▶ _Work required_: Give back the full listing, character for character, with no pictures.

▶ _Dataset section_:
::::

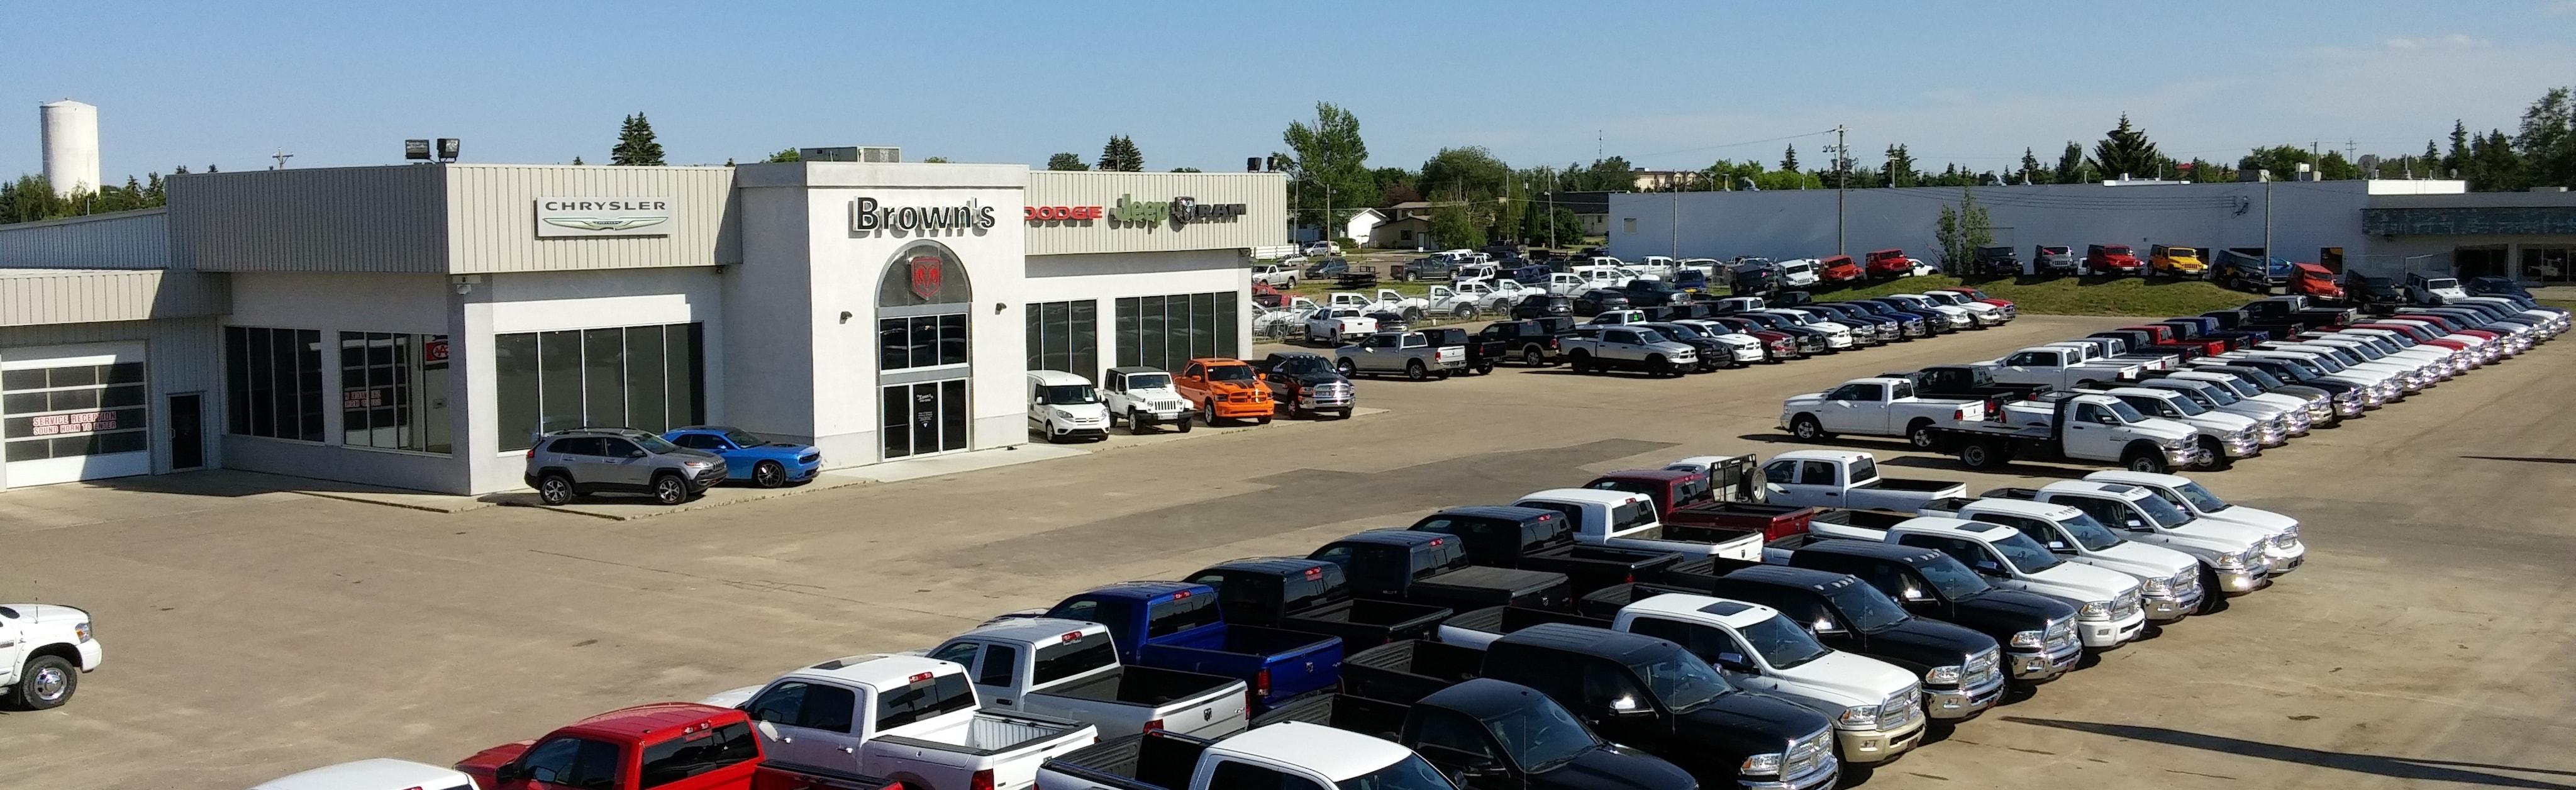 and bay dealers dodge chrysler me appleton kolosso dealer used ram jeep near new wisconsin dealership in green
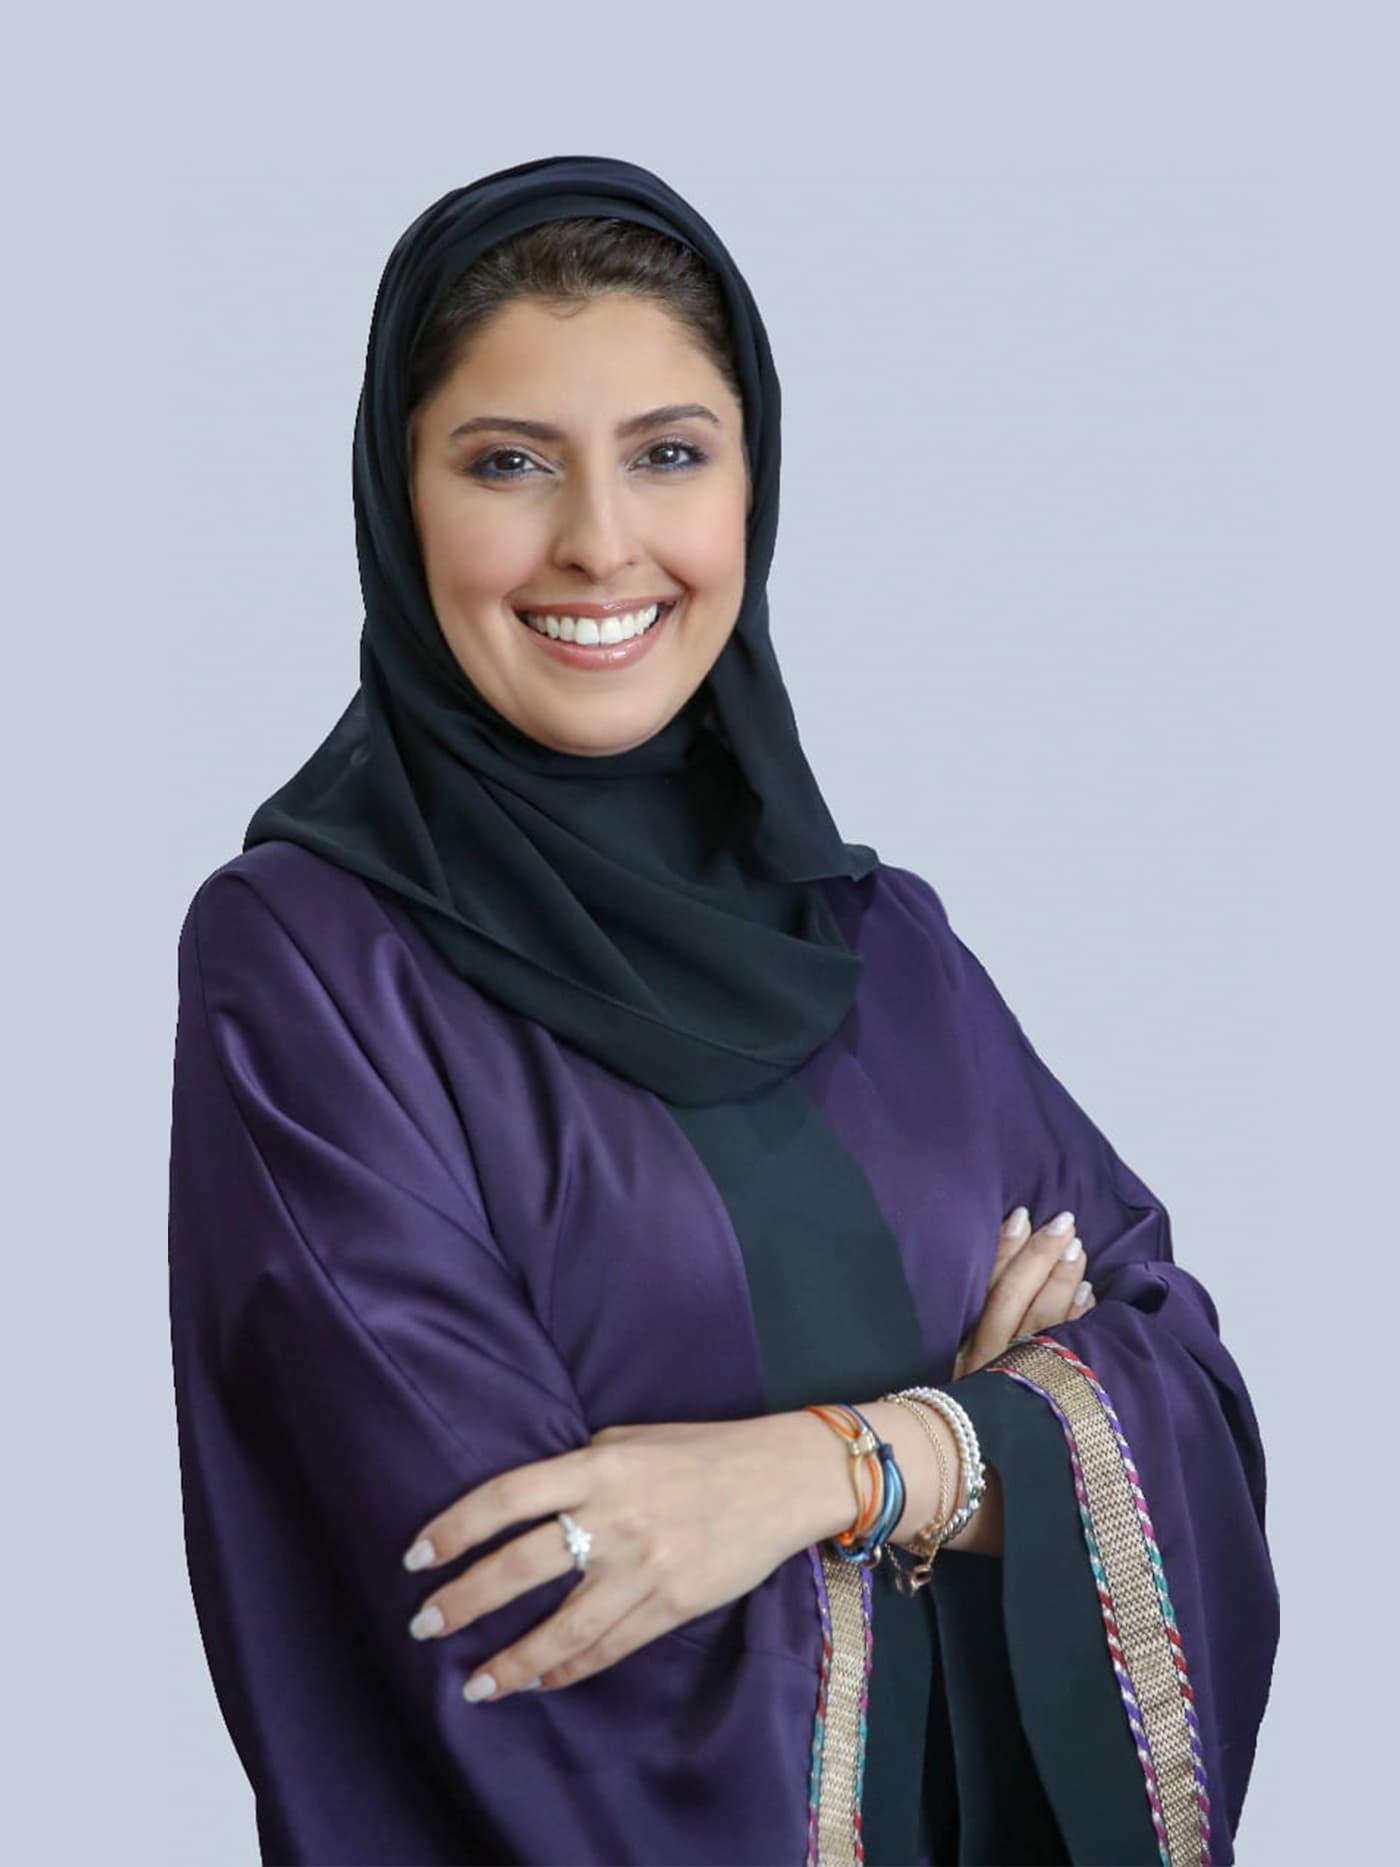 Lama Alshethri named editor-in-chief of Sayidaty magazine.
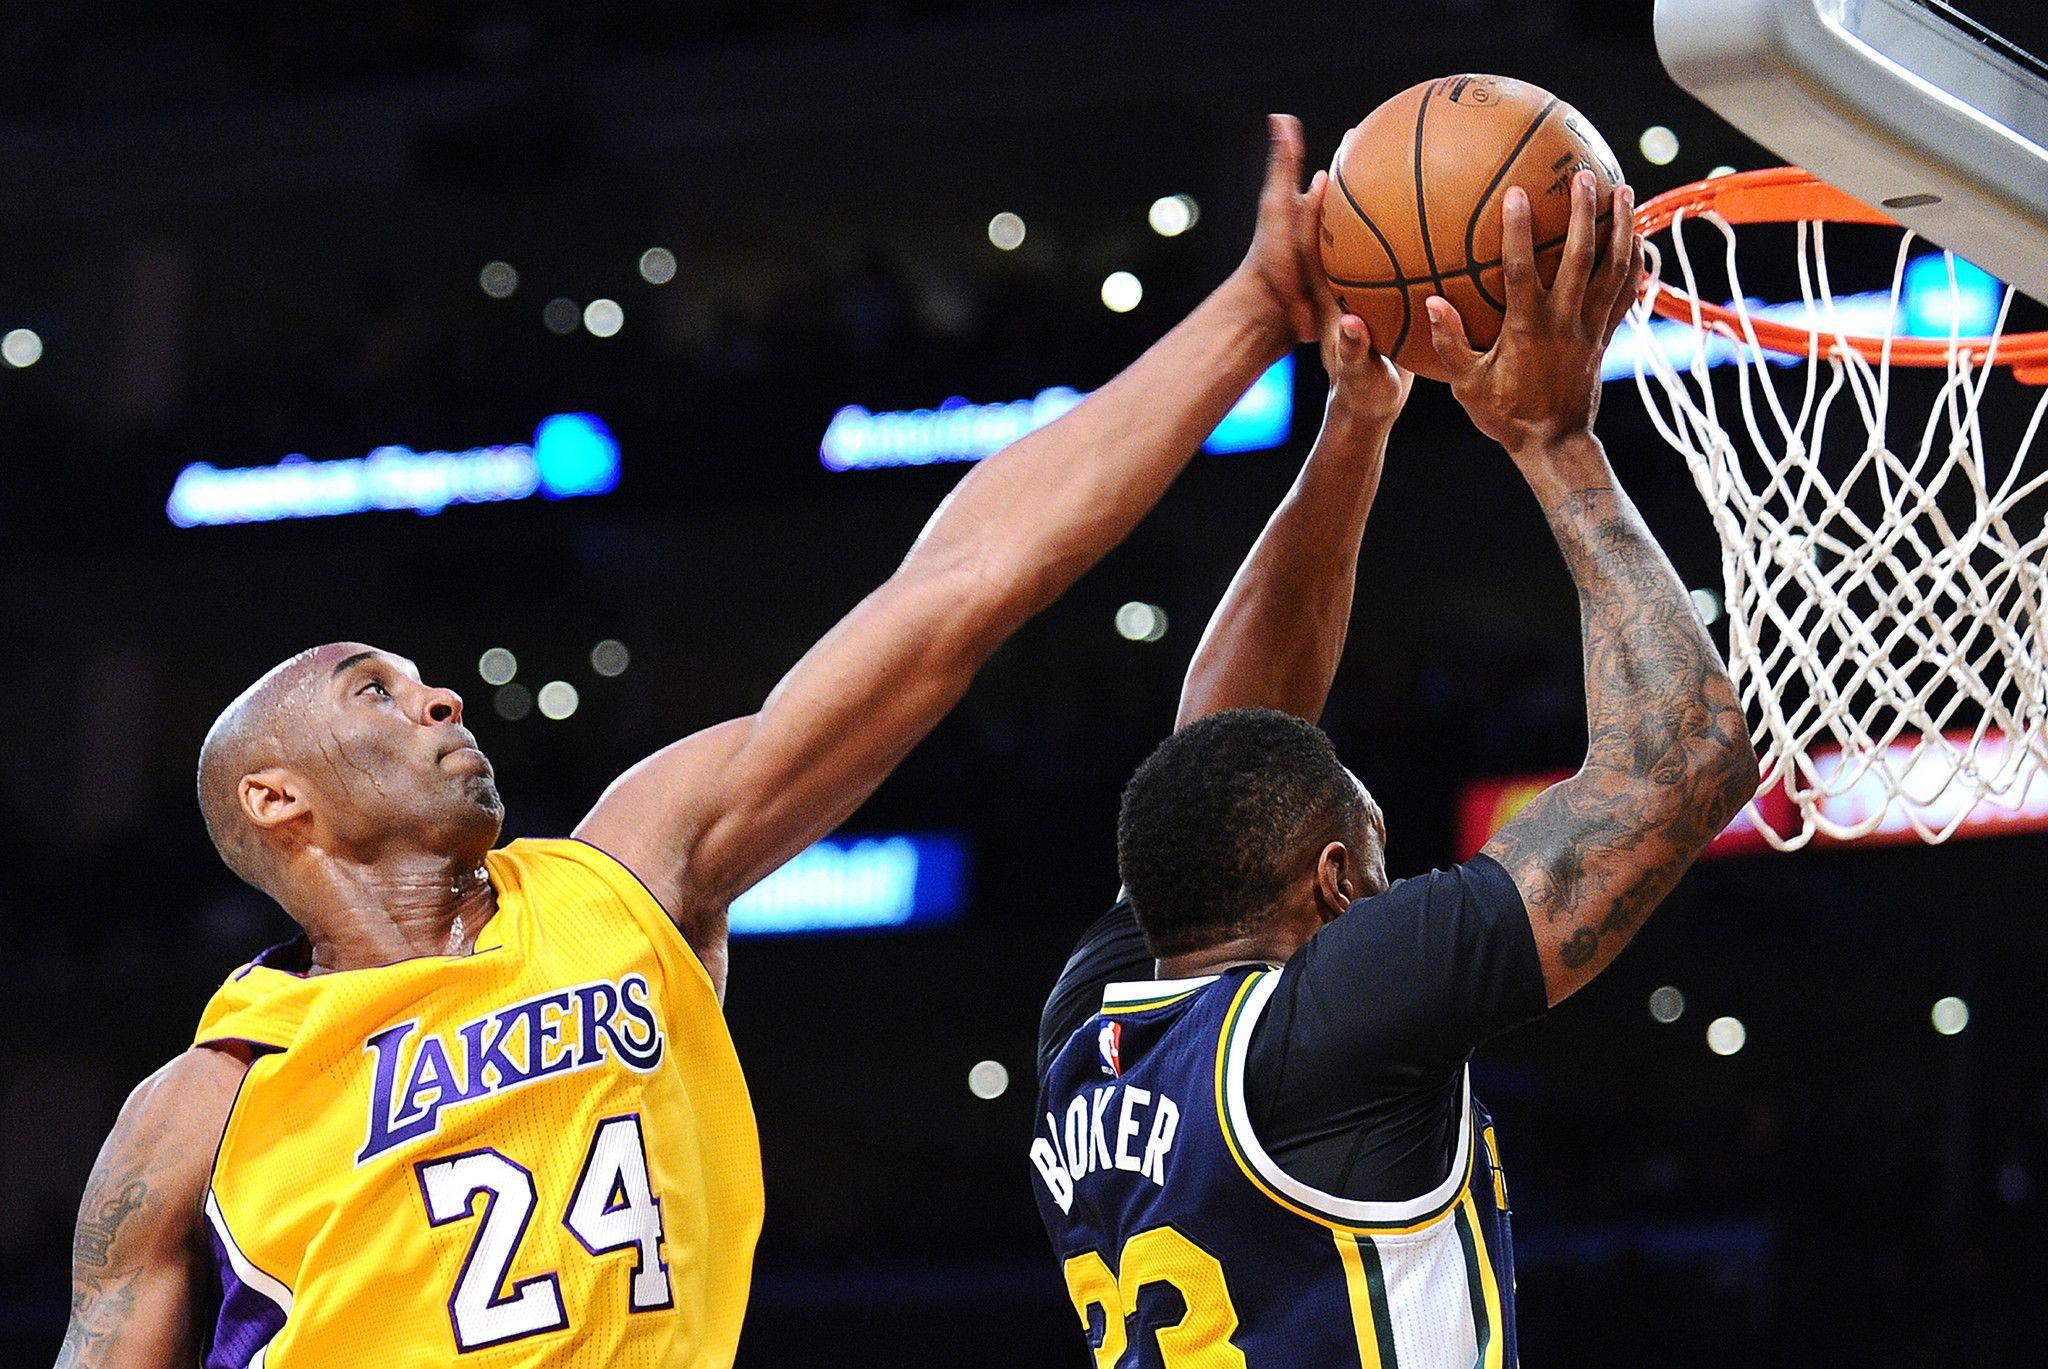 1a4156af8c73 Kobe Bryant s last game  A Hollywood ending for a Los Angeles legend ...

::::

▶ _Answer to this exercise_:
 and bay dealers dodge chrysler me appleton kolosso dealer used ram jeep near new wisconsin dealership in green
 Lama Alshethri named editor-in-chief of Sayidaty magazine.
 1a4156af8c73 Kobe Bryant s last game  A Hollywood ending for a Los Angeles legend ...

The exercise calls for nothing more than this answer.